The lively and curious Dakota stumbles upon the hidden grave of someone “known only to God." Jean and Alasdair speculate that the deceased was a key player in an old murder who returned to be reunited with the ghost of The Green Lady. Jean ponders the possibility: “Maybe death was a dream. Maybe life was. Maybe it all flowed on together, no now, no then. That would explain synchronicity, ESP, and ghosts in one fell swoop.”
Fergie shows Jean and Alasdair an ossuary he had meant to sell to the Australian. He believes it held relics of Jesus Christ. When he launches into a tale of fairies, Crusaders and alien astronauts, a despairing Alasdair fears his old friend has gone mad.
Jean demurs. “The true believers, they get me at ‘what if.’ … People used to see angels. Now they see UFOs. Seeing is believing, and believing is seeing. Never underestimate the will to believe or the will to exploit belief.”
The cops work the murder the traditional way: interviewing and re-interviewing witnesses and suspects, and picking up on local gossip. The investigation continues even while the New Year is chimed in at the castle. The doorbell rings, ushering in another complication.

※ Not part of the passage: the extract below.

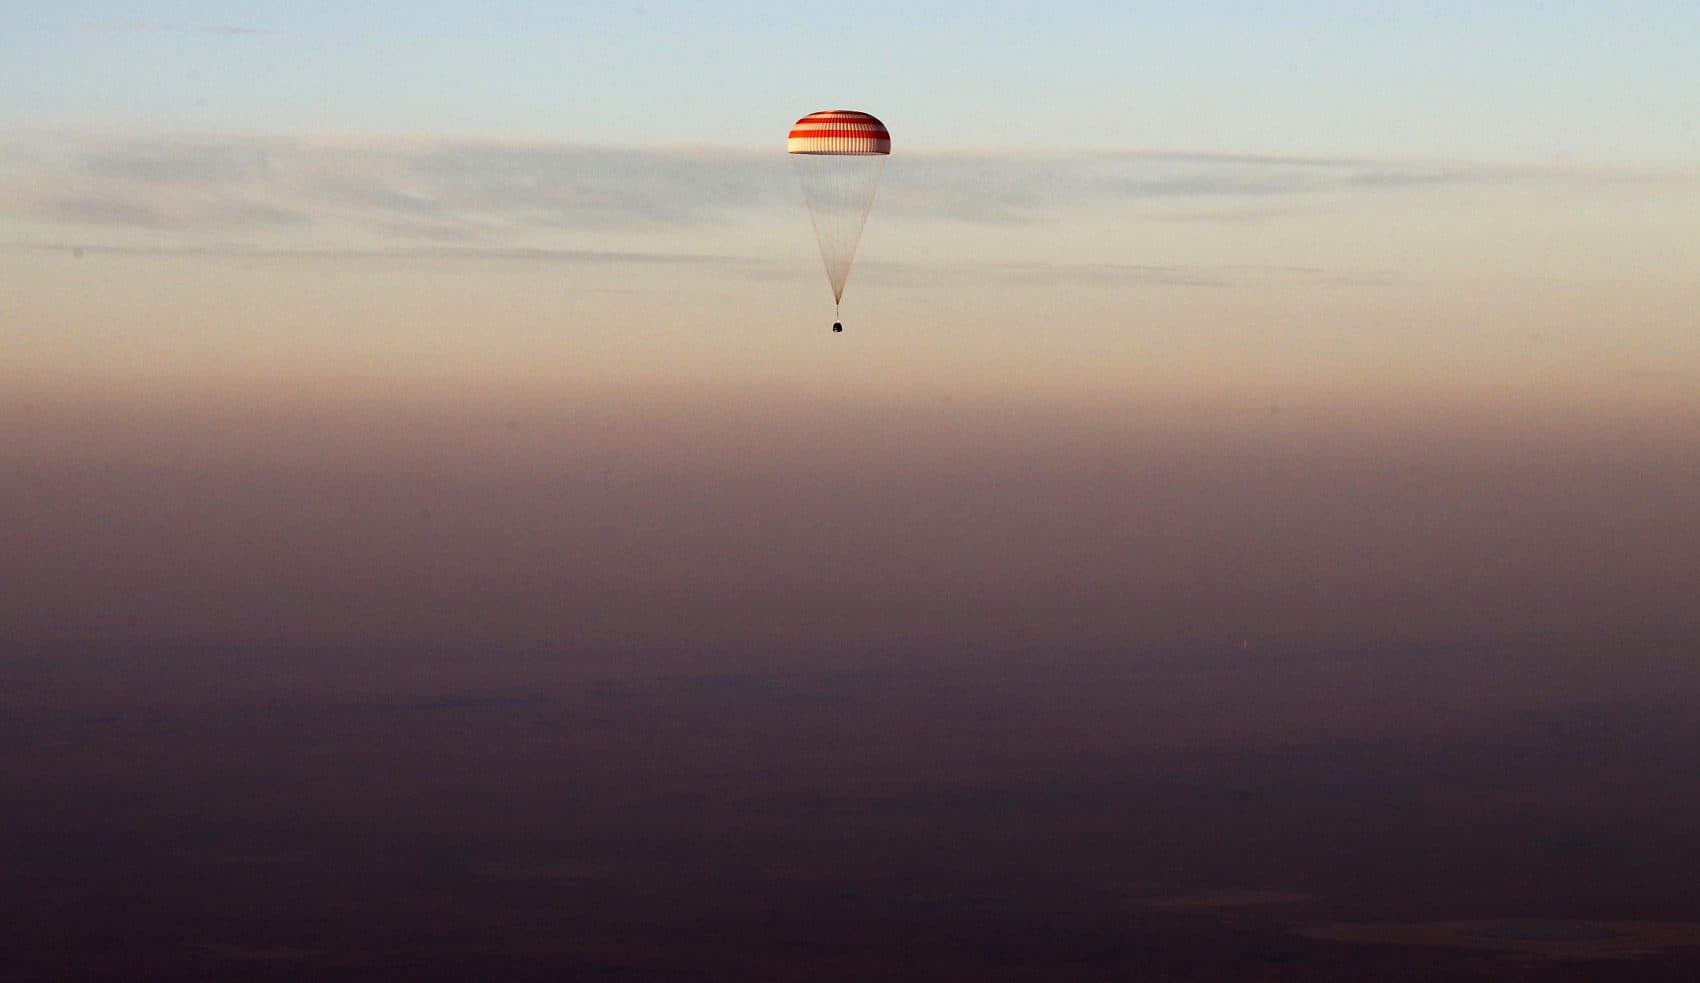 Perhaps aliens or robots would see enough potential in humanity to take us under their wing, writes Joelle Renstrom. And no travel ban or wall would stop them. Pictured: The Soyuz TMA-19M capsule carrying NASA's Jeff Williams, and two Russian cosmonauts descends beneath a parachute over Kazakhstan, in Sept., 2016 after a six-month mission aboard the International Space Station. (Maxim Shipenkov/AP)

The story picks up steam, and the author wraps up all story threads in a nail-biting denouement and a thoroughly satisfactory ending.
A word about ghosts:
I did some Googling and turned up a quote attributed to Albert Einstein: “Energy cannot be created or destroyed; it can only change from one form to another.” That led me to The Law of Conservation of Energy (aka the First Law of Thermodynamics) and theories going back to ancient Greek philosophy.
That led to the theory espoused by the Persian scholar Nasir al-Din-al Tusl in the 13th century: "A body of matter cannot disappear completely. It only changes its form, condition, composition, color and other properties and turns into a different complex or elementary matter." I ended up with Albert Einstein's theory of mass-energy equivalence stating that nothing is either created or destroyed; it merely changes from matter to energy and vice versa.
Those theories and experiments are still argued about today. Fortunately, I am neither a physicist nor a philosopher. Just thinking about it gives me a headache. But I do love ghost stories.